This notebook contains the instructions for reproducing results presented in  "*Environmental and genealogical signals on DNA methylation in a widespread apomictic dandelion lineage*" by V.N. Ibañez, M. van Antro, C. Peña Ponton, S. Ivanovic, C.A.M. Wagemaker, F. Gawehns, K.J.F. Verhoeven.

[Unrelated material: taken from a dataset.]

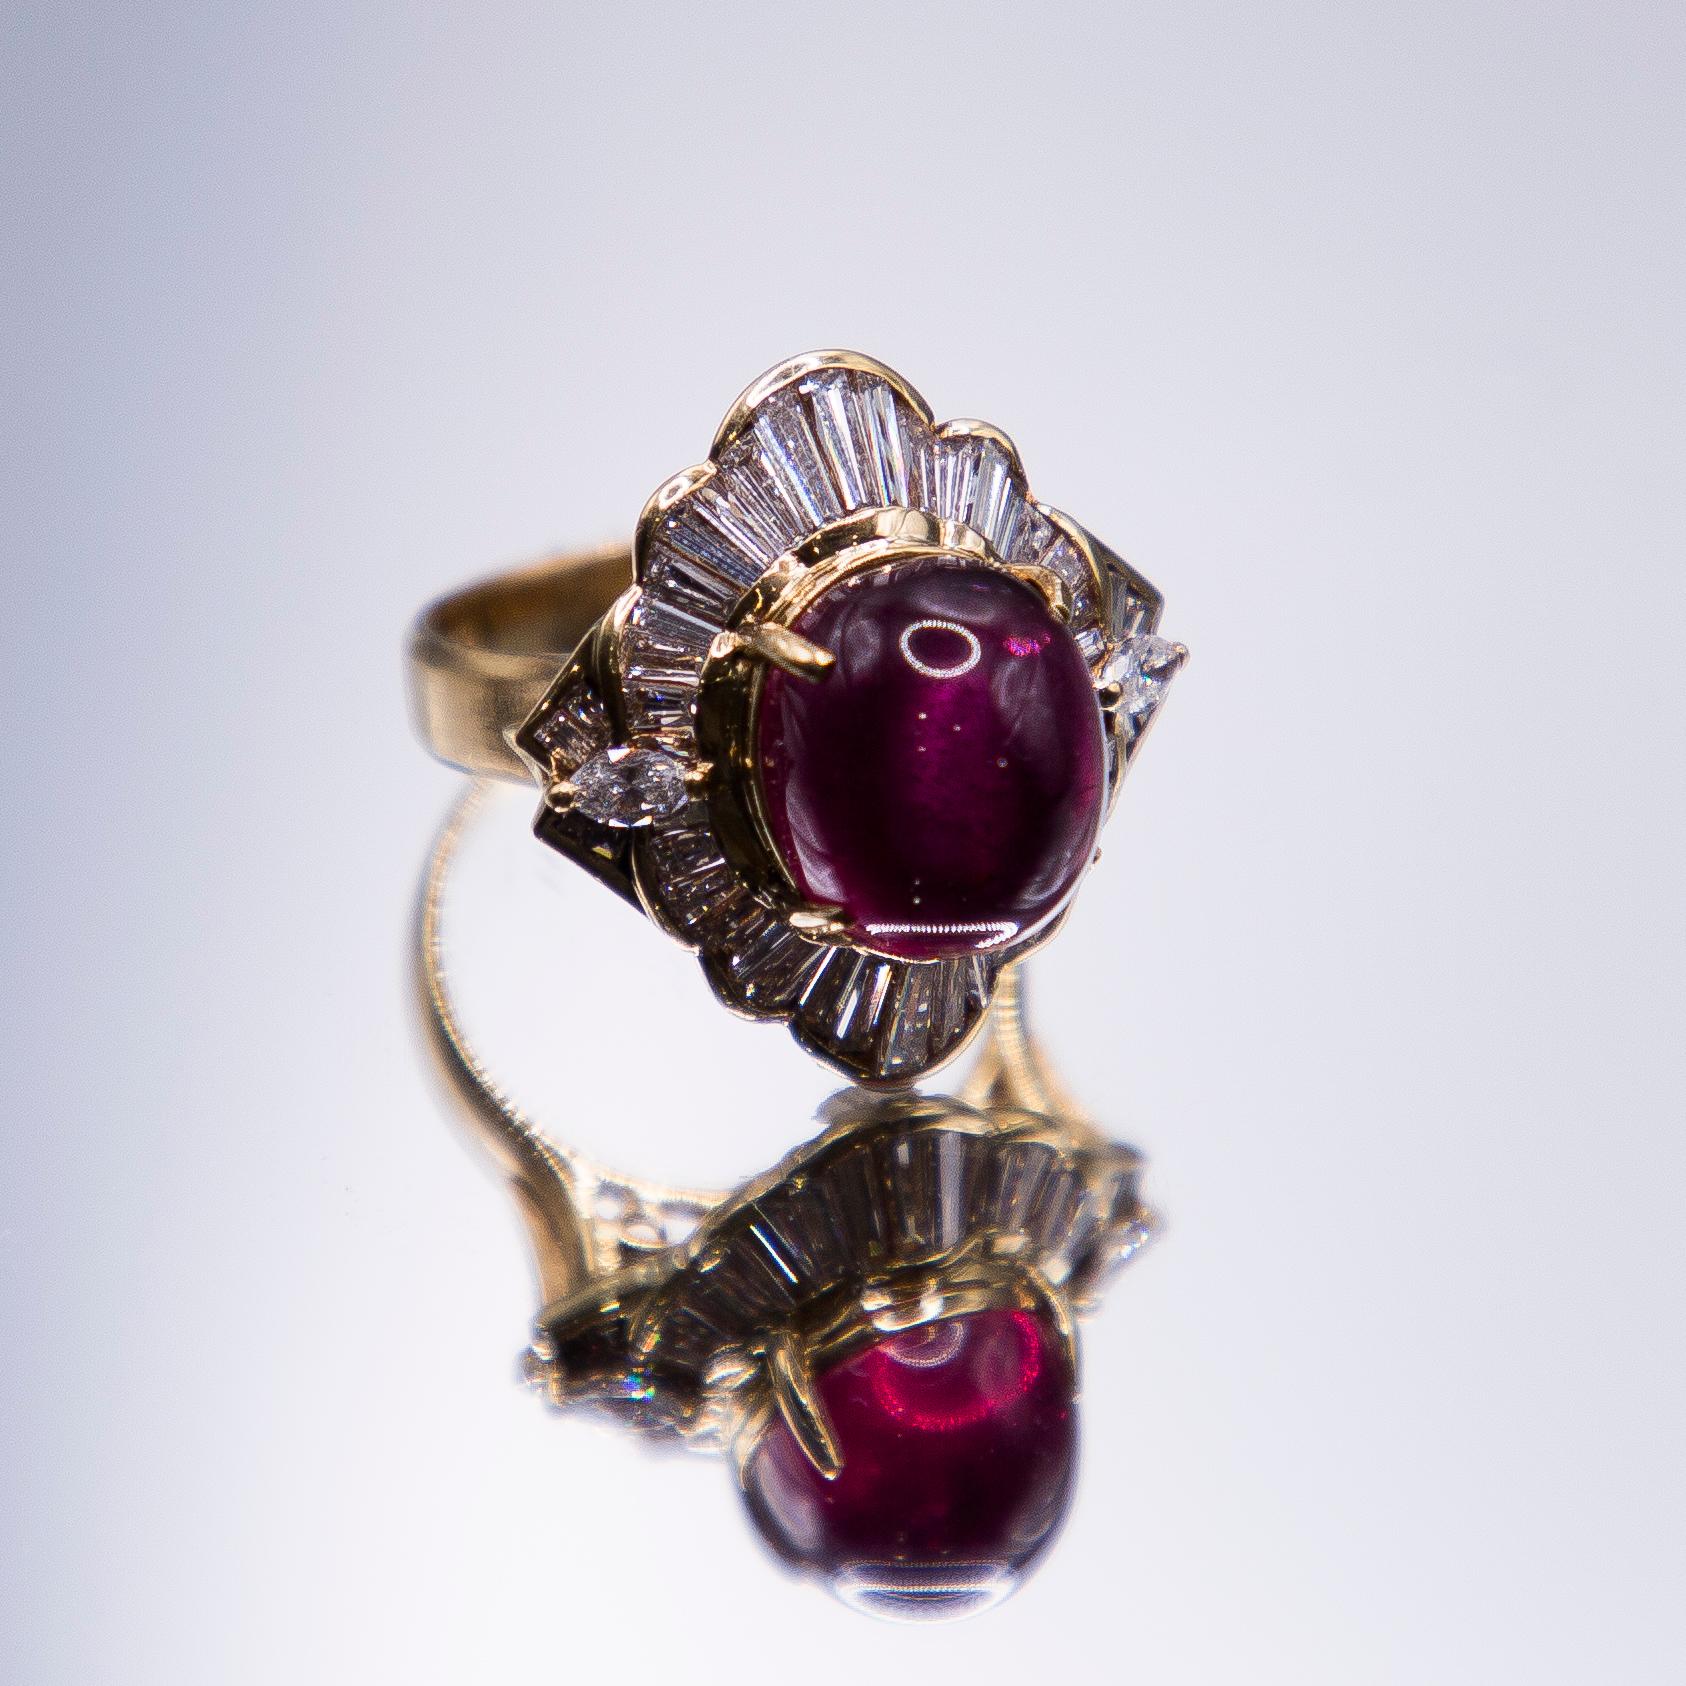 Cabochon 10.02 Carat Rubellite /18k Yellow Gold 2.31 Carats Fine Diamonds Cocktail Ring For Sale

## Load data and set R environment

In this section, we will load the dataset to run the script, configure the working directory and environment.

In [None]:
#@title Load files
%load_ext rpy2.ipython
!rm -r *
!mkdir results rawData annotation scripts plots tmp

!wget -c -O scripts/commonFunctions.R https://raw.githubusercontent.com/VeronicaNoe/epiTree/main/Rscripts/commonFunctions.R
!wget -c -O rawData/AseI-NsiI_Design_withPlotInfos.txt https://raw.githubusercontent.com/VeronicaNoe/epiTree/main/data4r/AseI-NsiI_Design_withPlotInfos.txt
!wget -c -O rawData/Csp6I-NsiI_Design_withPlotInfos.txt https://raw.githubusercontent.com/VeronicaNoe/epiTree/main/data4r/Csp6I-NsiI_Design_withPlotInfos.txt

!wget -c -O rawData/AseI-NsiI_methylation.filtered https://raw.githubusercontent.com/VeronicaNoe/epiTree/main/data4r/AseI-NsiI_petite.methylation.filtered
!wget -c -O rawData/Csp6I-NsiI_methylation.filtered https://raw.githubusercontent.com/VeronicaNoe/epiTree/main/data4r/Csp6I-NsiI_petite.methylation.filtered



!wget -c -O annotation/Csp6I-NsiI_mergedAnnot.csv https://raw.githubusercontent.com/VeronicaNoe/epiTree/main/data4r/Csp6I-NsiI_mergedAnnot.csv
!wget -c -O annotation/AseI-NsiI_mergedAnnot.csv https://raw.githubusercontent.com/VeronicaNoe/epiTree/main/data4r/AseI-NsiI_mergedAnnot.csv


In [3]:
%%R
#@title Set R environment
rm(list=ls())
wd<-getwd()
baseDir <- gsub("/results", "", wd)
scriptDir <- file.path(baseDir, "scripts")


In [4]:
%%R
#@title Install R packages
install.packages(c("data.table","reshape2","dplyr","plyr", "BiocManager"),quiet=TRUE)





In [5]:
%%R
#@title (take a lot of time)
BiocManager::install("DSS", quiet=TRUE)  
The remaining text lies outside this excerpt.